SOURCE MATERIAL:
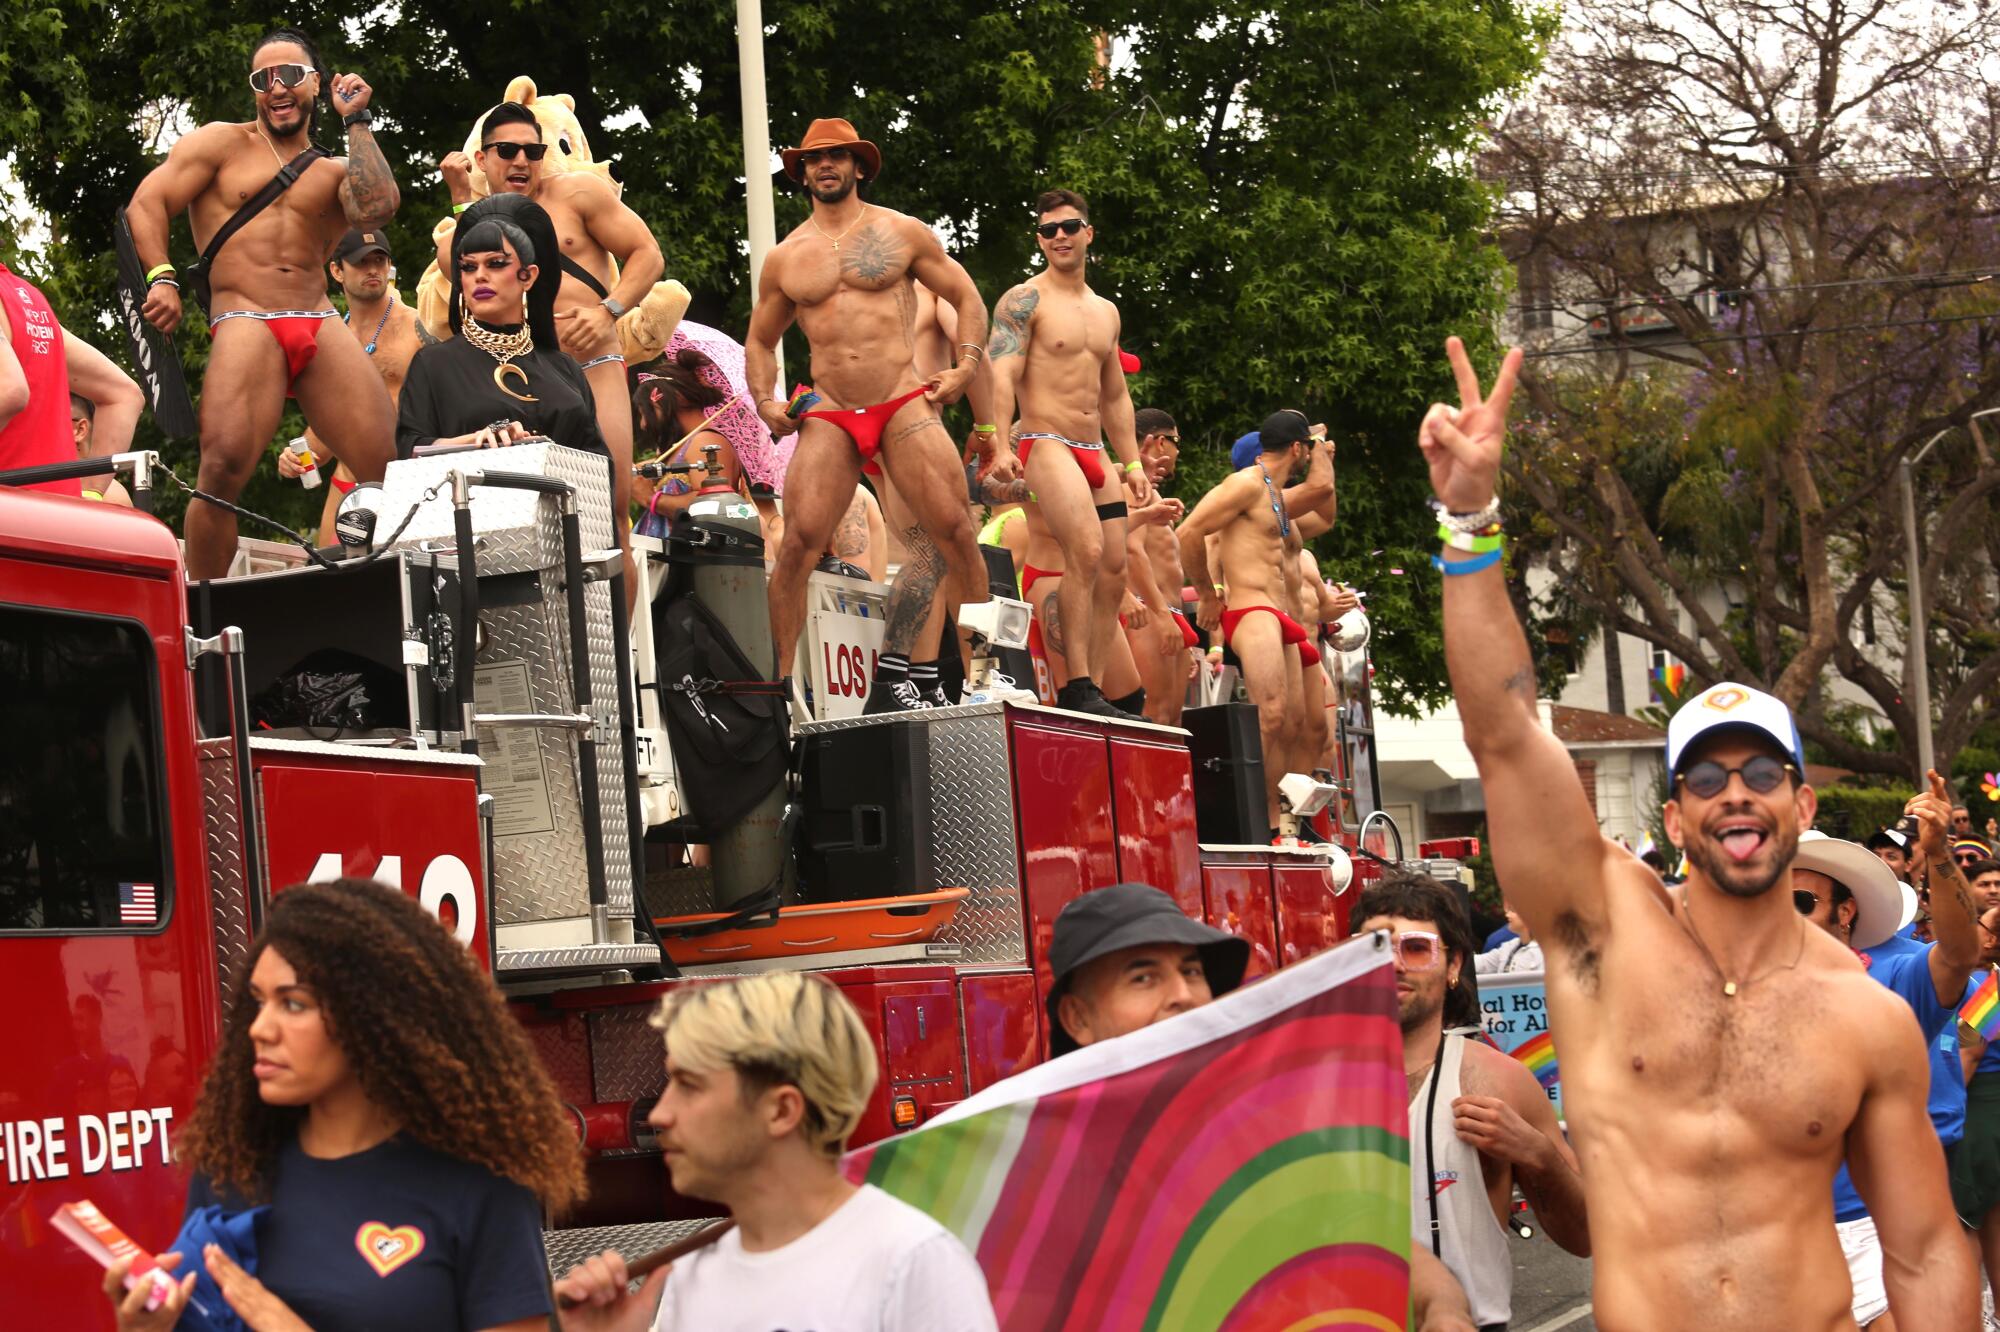 Muscular men in tiny red briefs atop a fire truck.
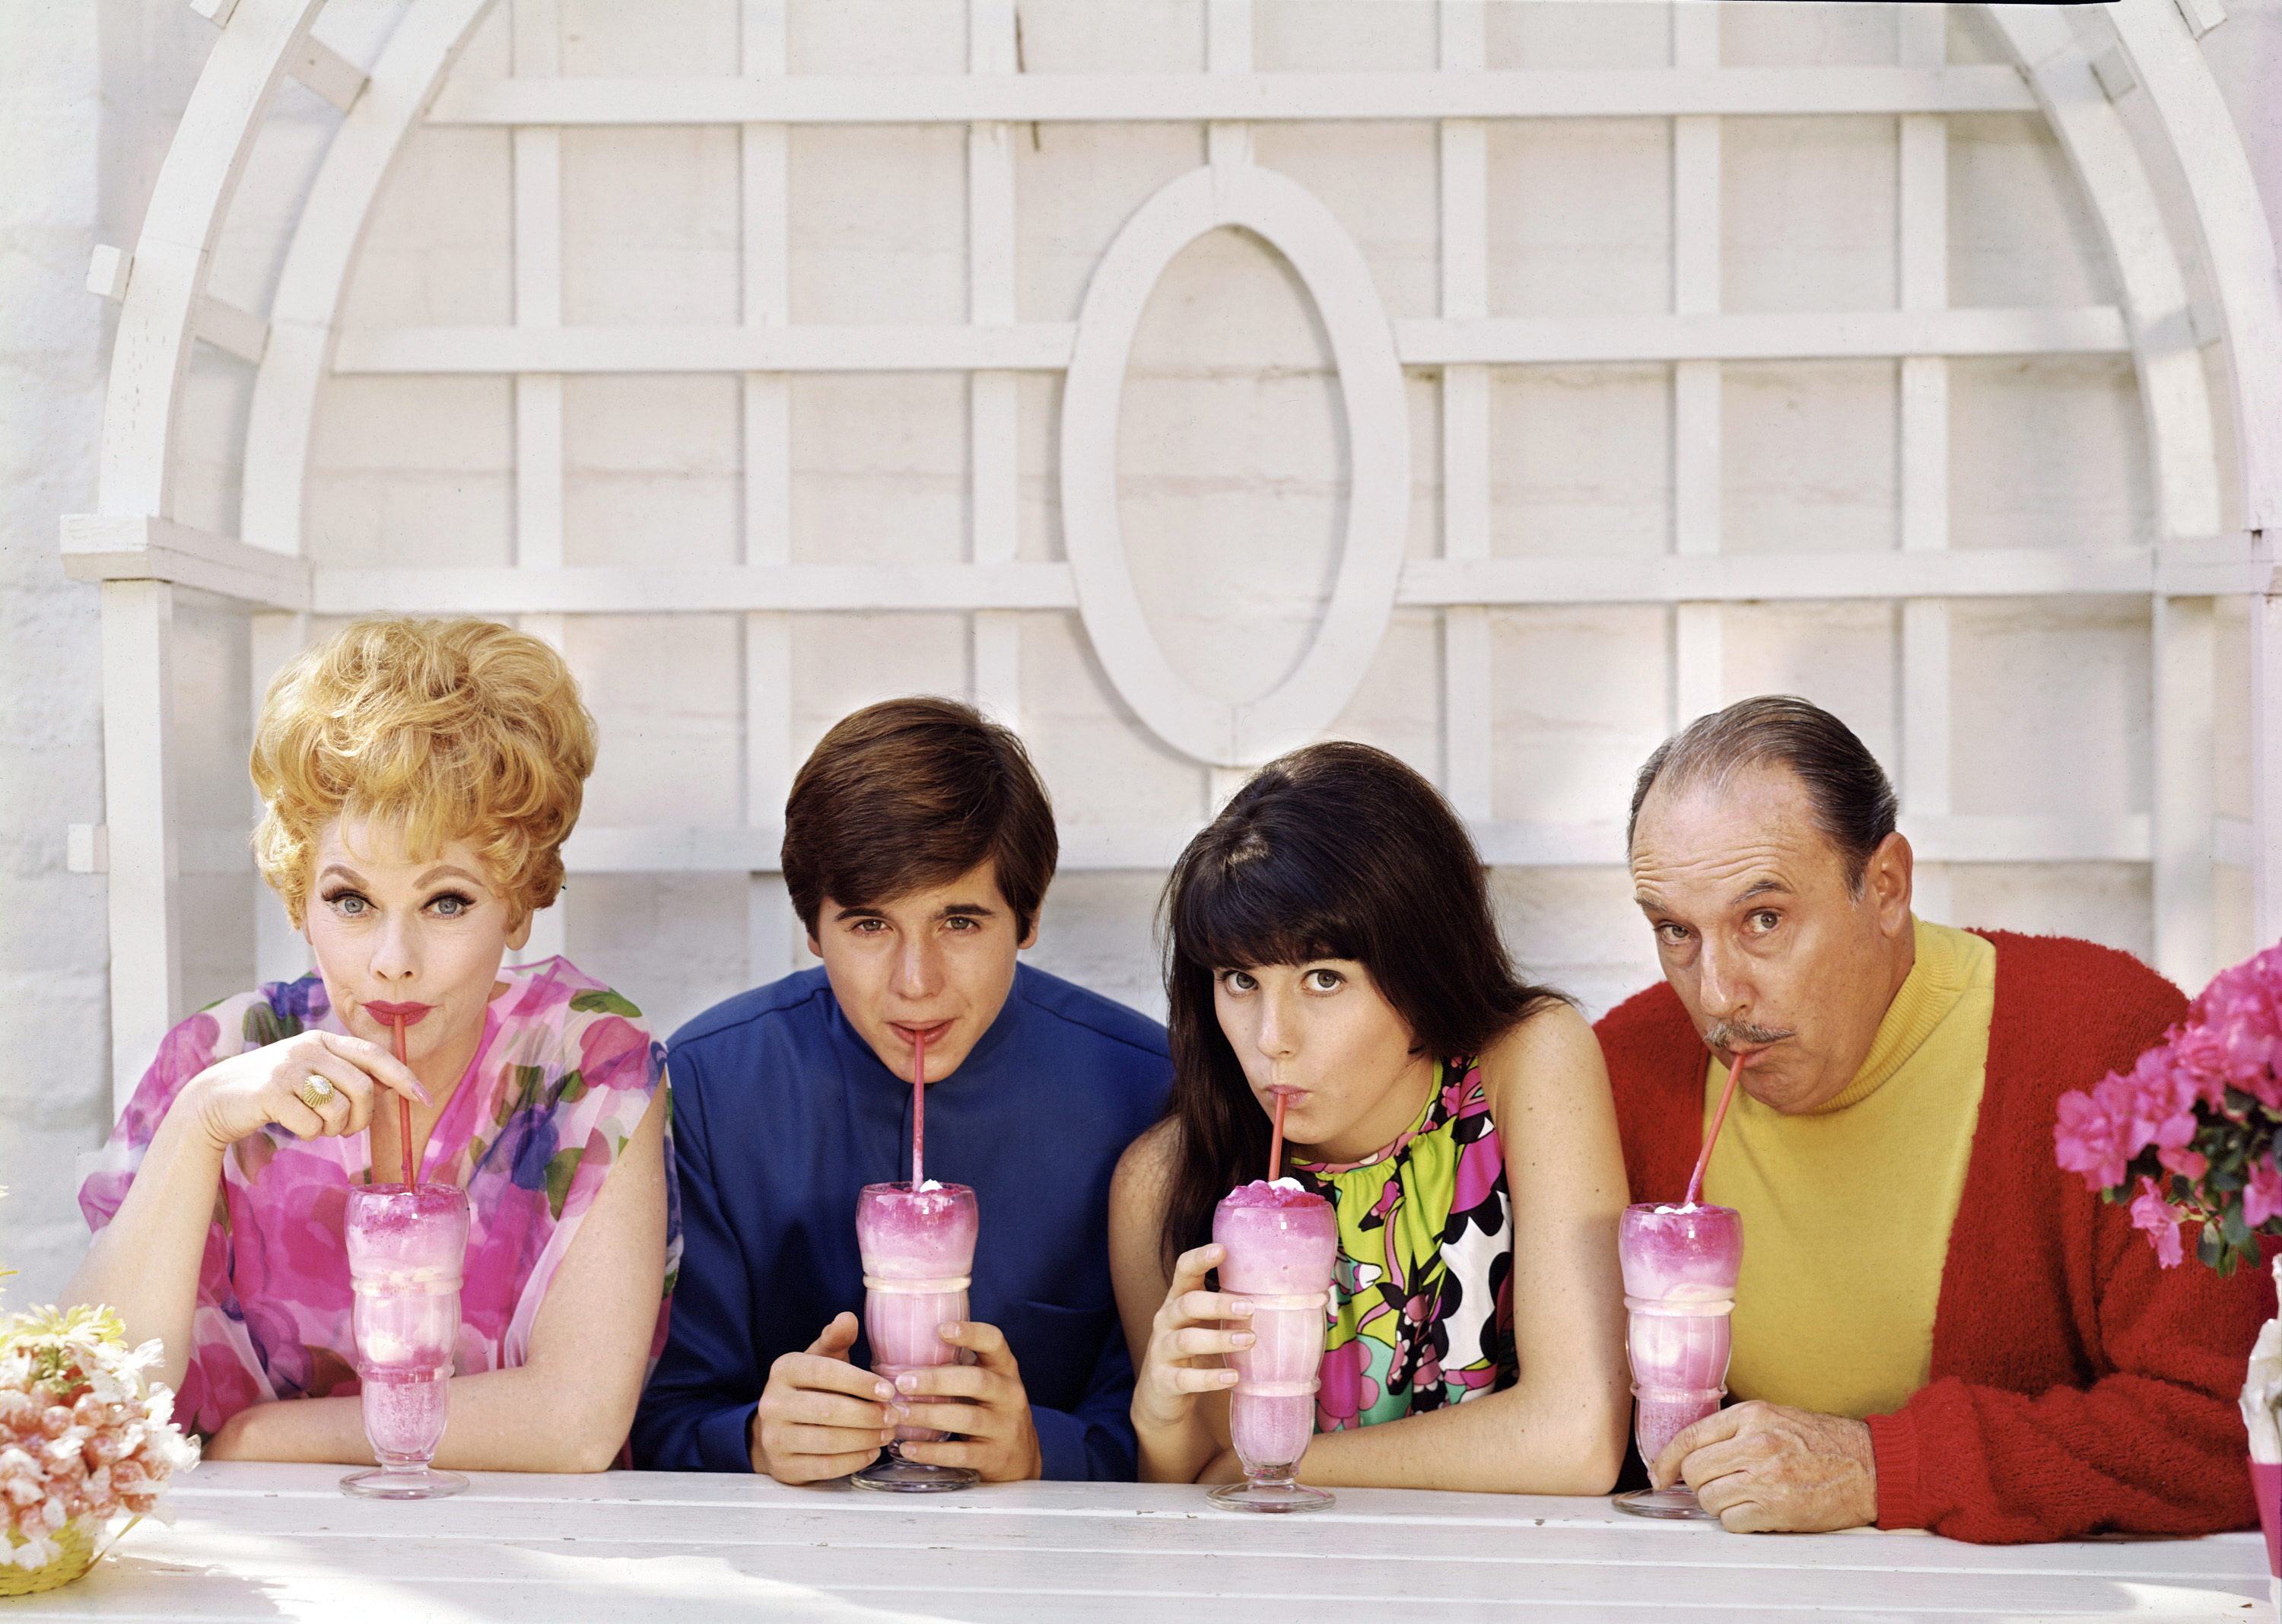 Lucille Ball, Desi Arnaz Jr., Lucie Arnaz, and Gale Gordon on "Here's Lucy" in 1969 | Source: Getty Images
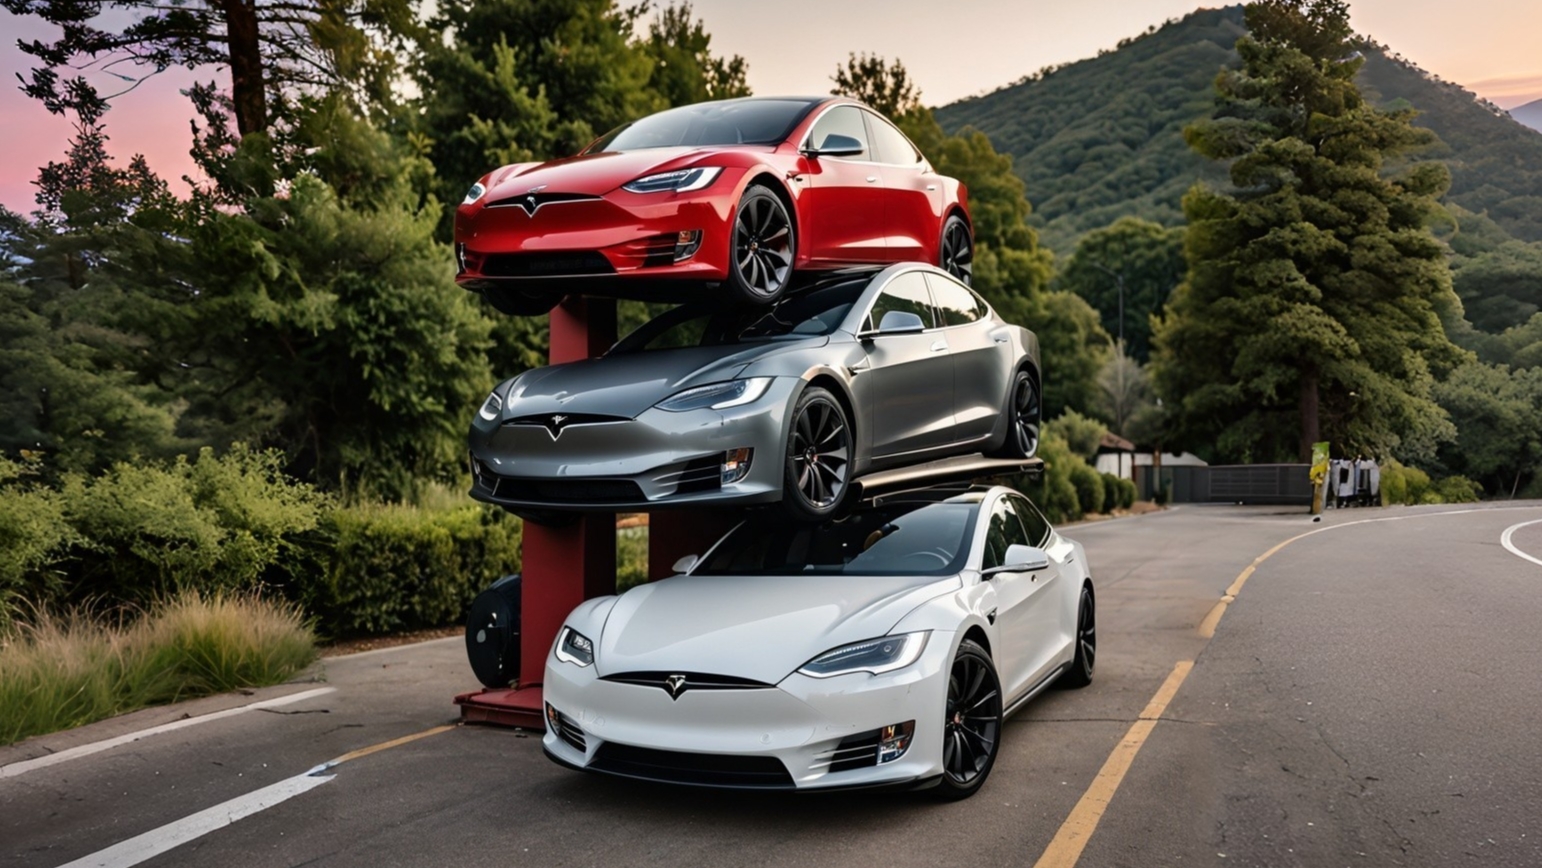 3 Tesla electric vehicles are standing on top of each other on the road

WHAT THE EXERCISE ASKS: Pictures are to be omitted from the copy. Reproduce exactly, and only, the lines from the one containing "Lucille Ball, Desi" to the end of the listing above.

RESPONSE BOX:
 Lucille Ball, Desi Arnaz Jr., Lucie Arnaz, and Gale Gordon on "Here's Lucy" in 1969 | Source: Getty Images
 3 Tesla electric vehicles are standing on top of each other on the road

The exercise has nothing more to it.